• [EXERCISE DATA]
※ ※ ※

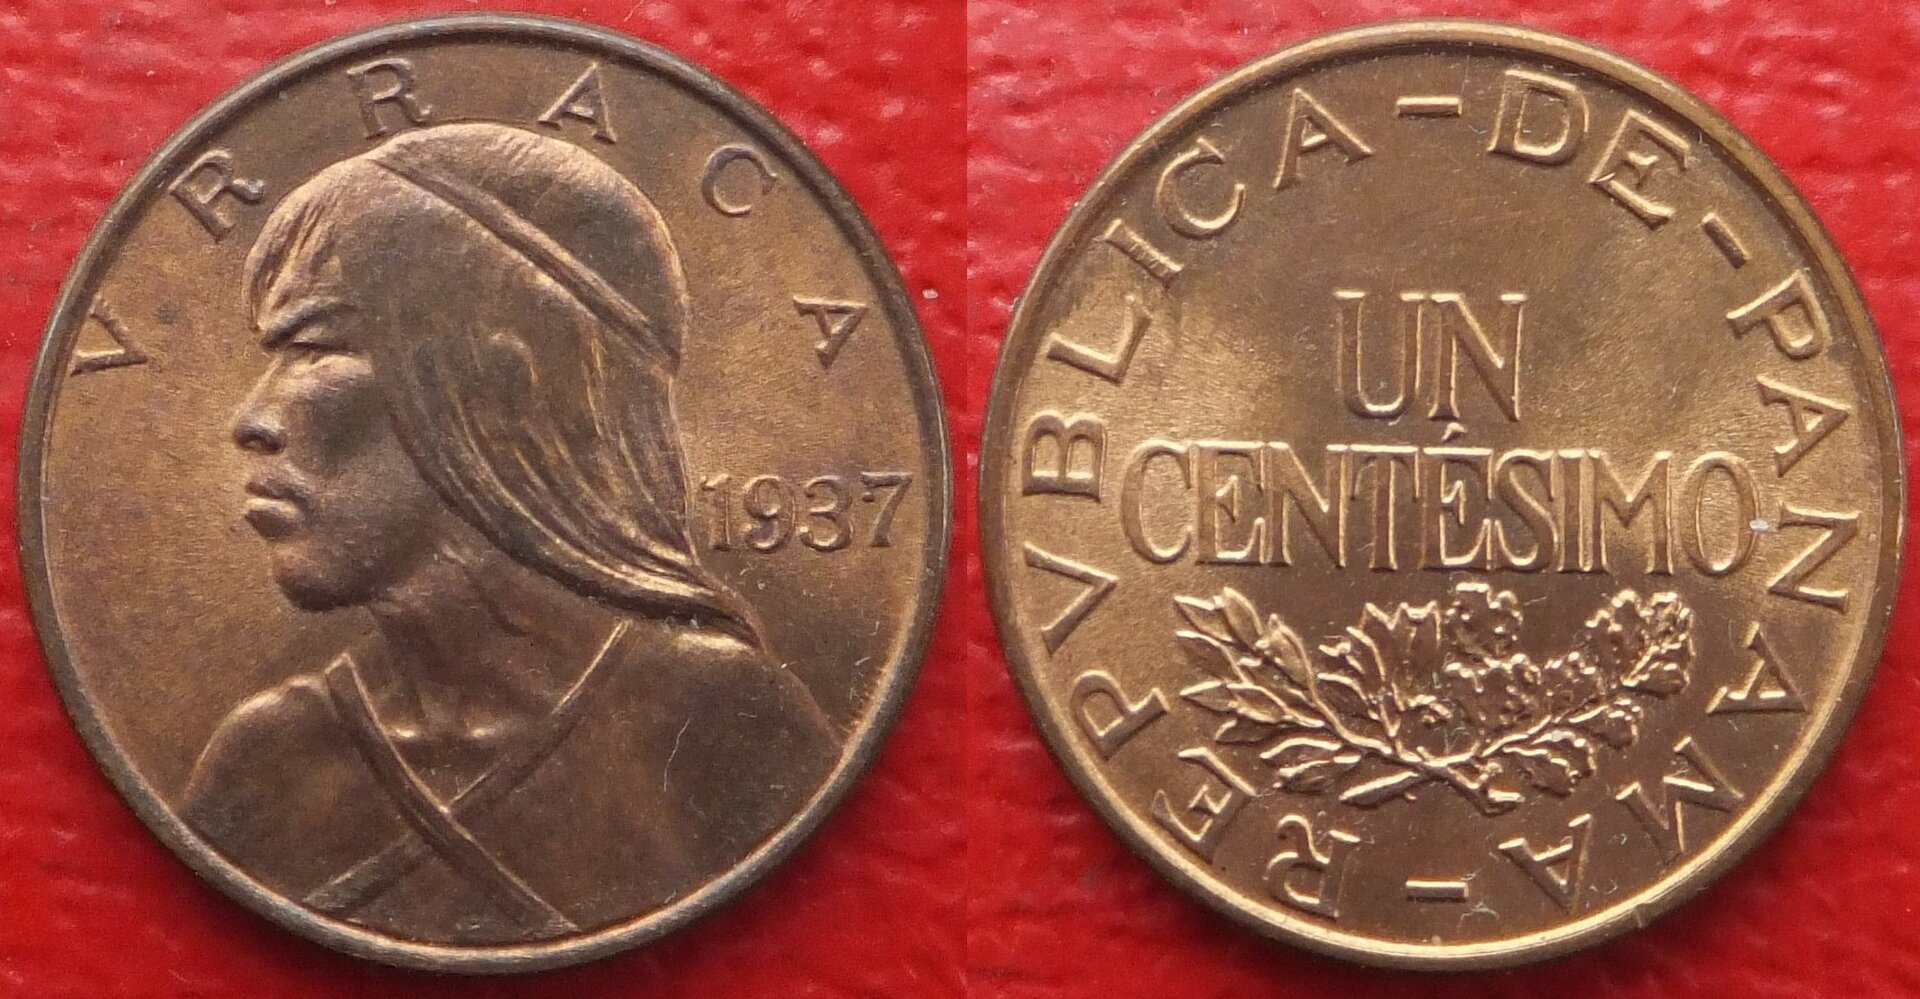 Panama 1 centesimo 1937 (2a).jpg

※ ※ ※

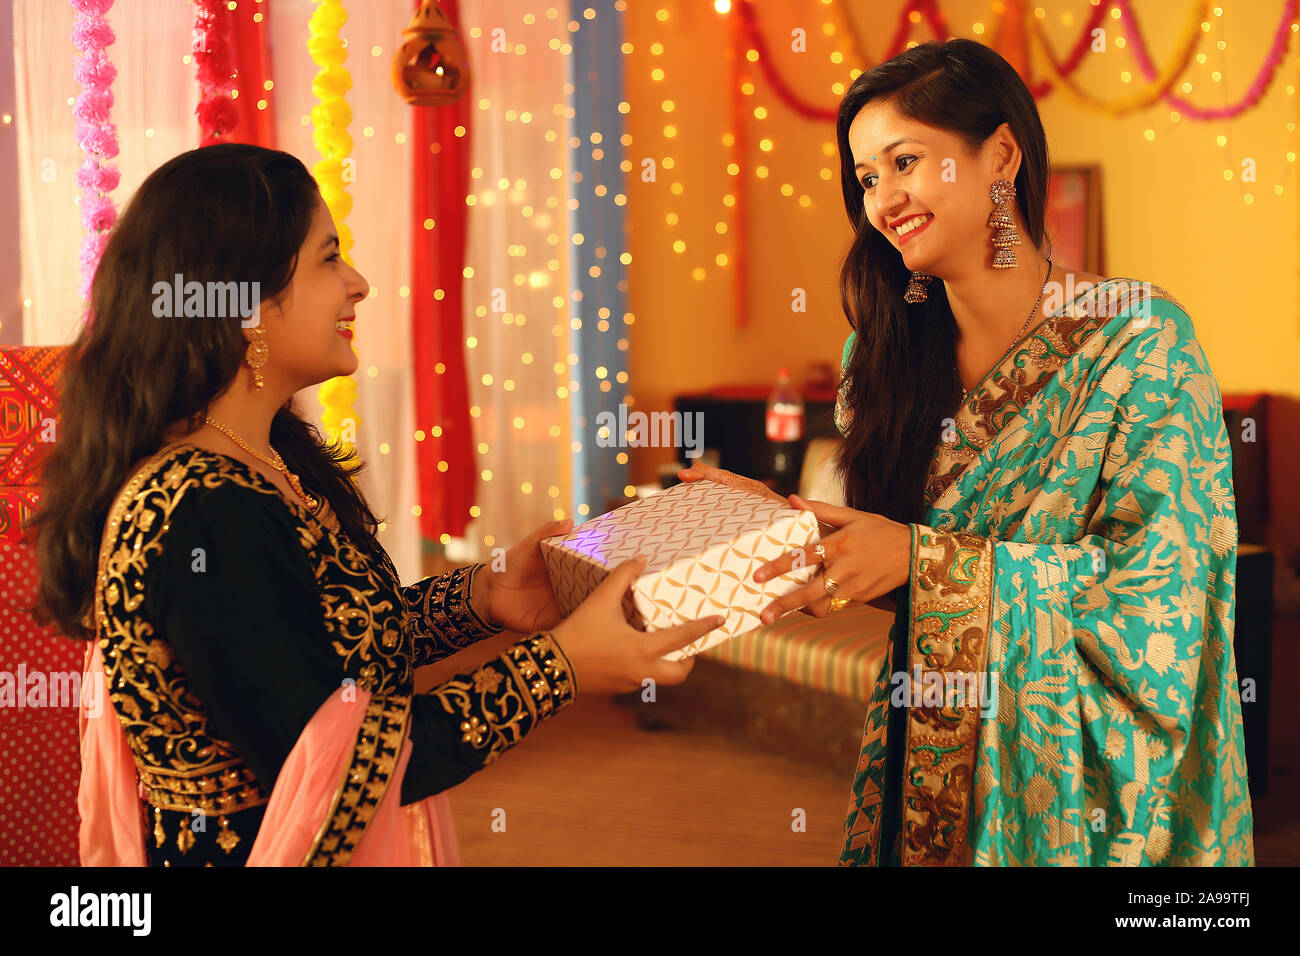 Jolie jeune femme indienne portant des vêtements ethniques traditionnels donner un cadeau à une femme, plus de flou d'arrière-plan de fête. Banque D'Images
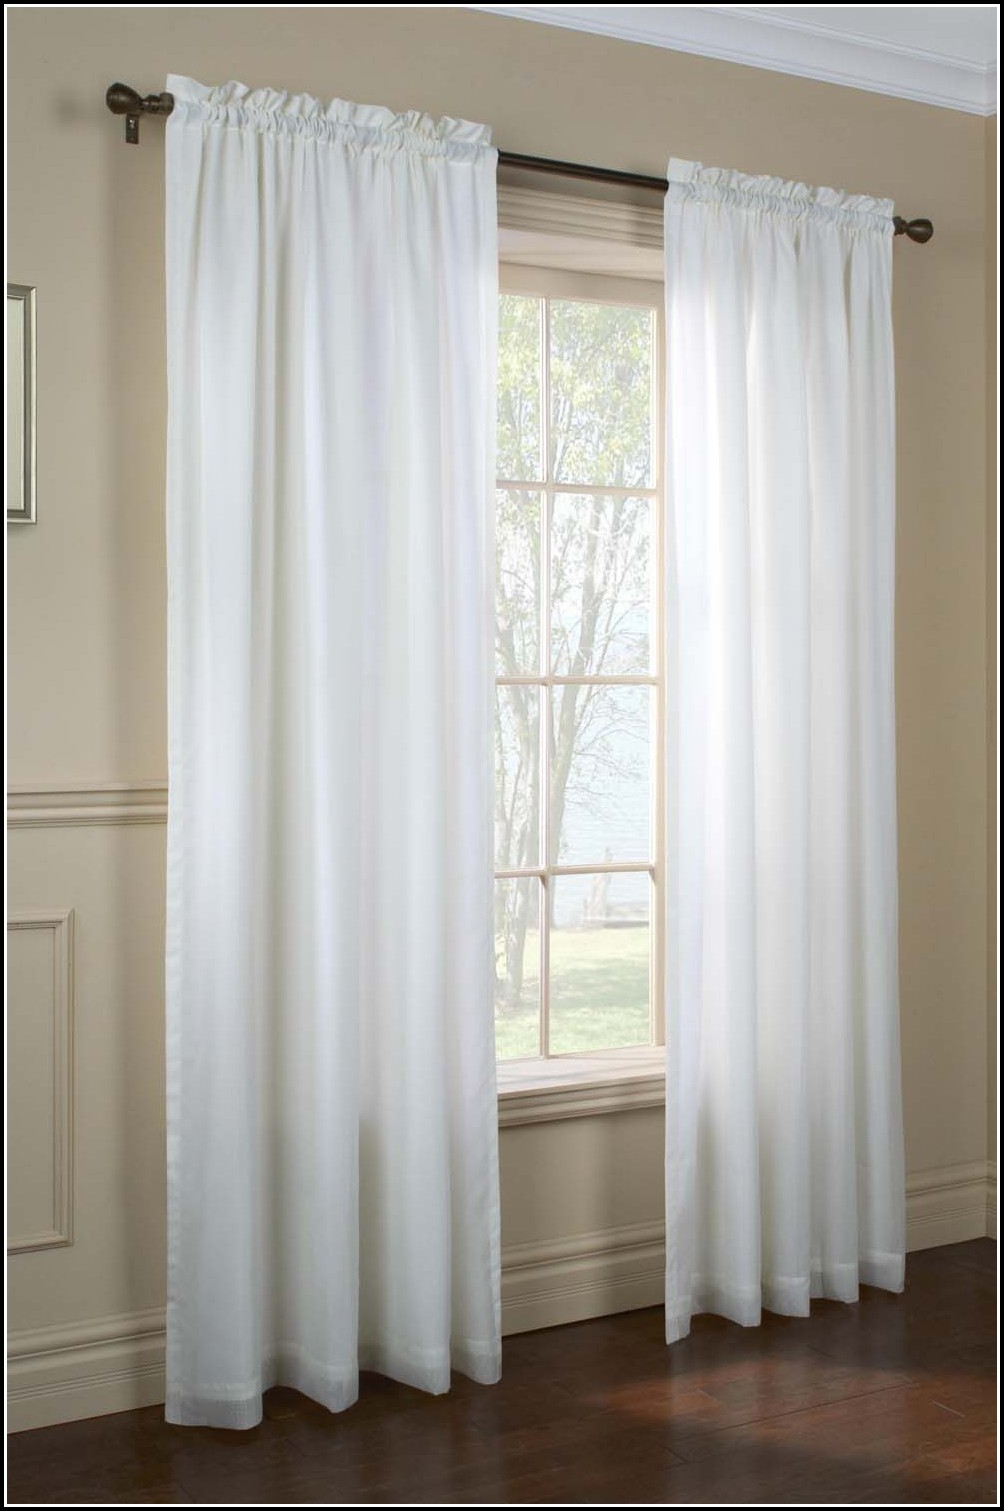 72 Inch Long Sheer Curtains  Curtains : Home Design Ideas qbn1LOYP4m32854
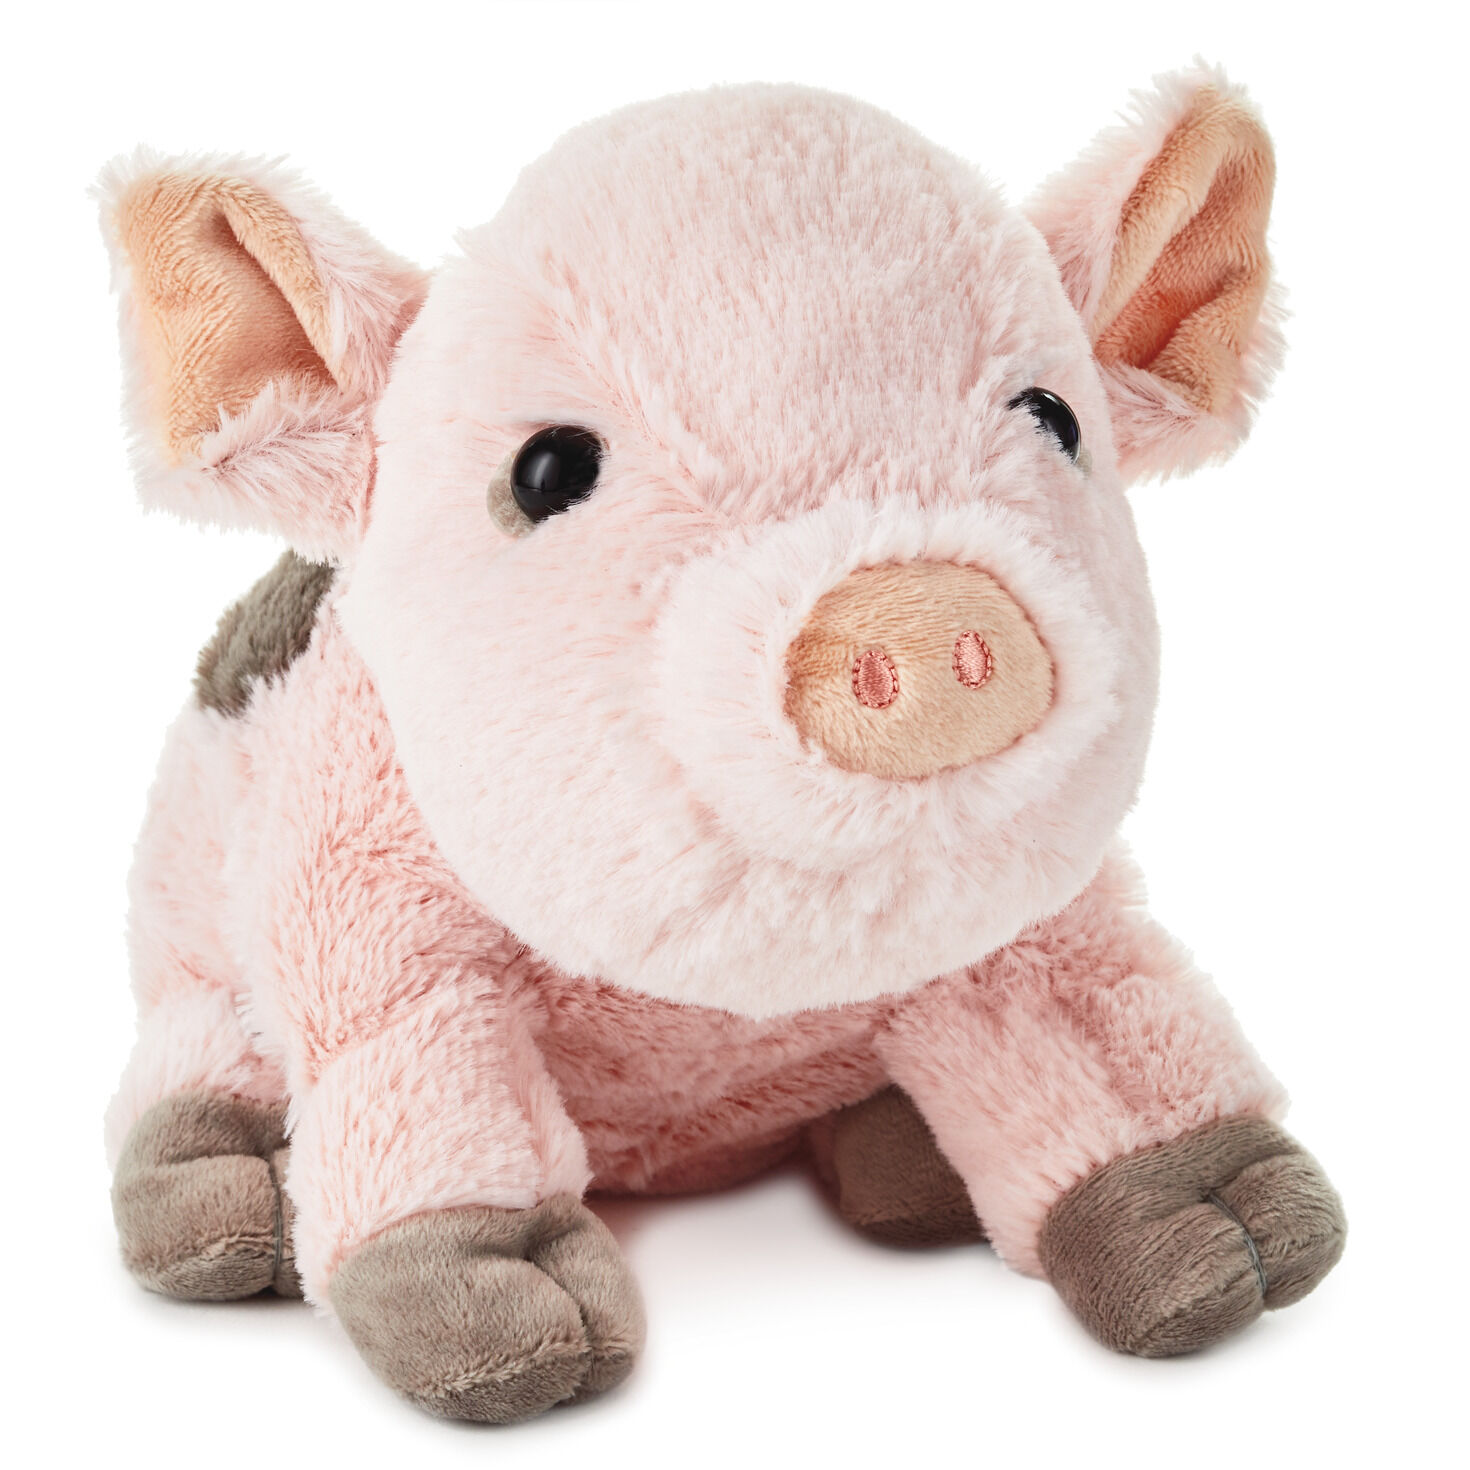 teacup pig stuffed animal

※ ※ ※

• [TASK GOAL] What you write must match the listing exactly, from the line with "Jolie jeune femme" up to and including the line with "72 Inch Long". Pictures stay out.

• [EXPECTED ANSWER]
 Jolie jeune femme indienne portant des vêtements ethniques traditionnels donner un cadeau à une femme, plus de flou d'arrière-plan de fête. Banque D'Images
 72 Inch Long Sheer Curtains  Curtains : Home Design Ideas qbn1LOYP4m32854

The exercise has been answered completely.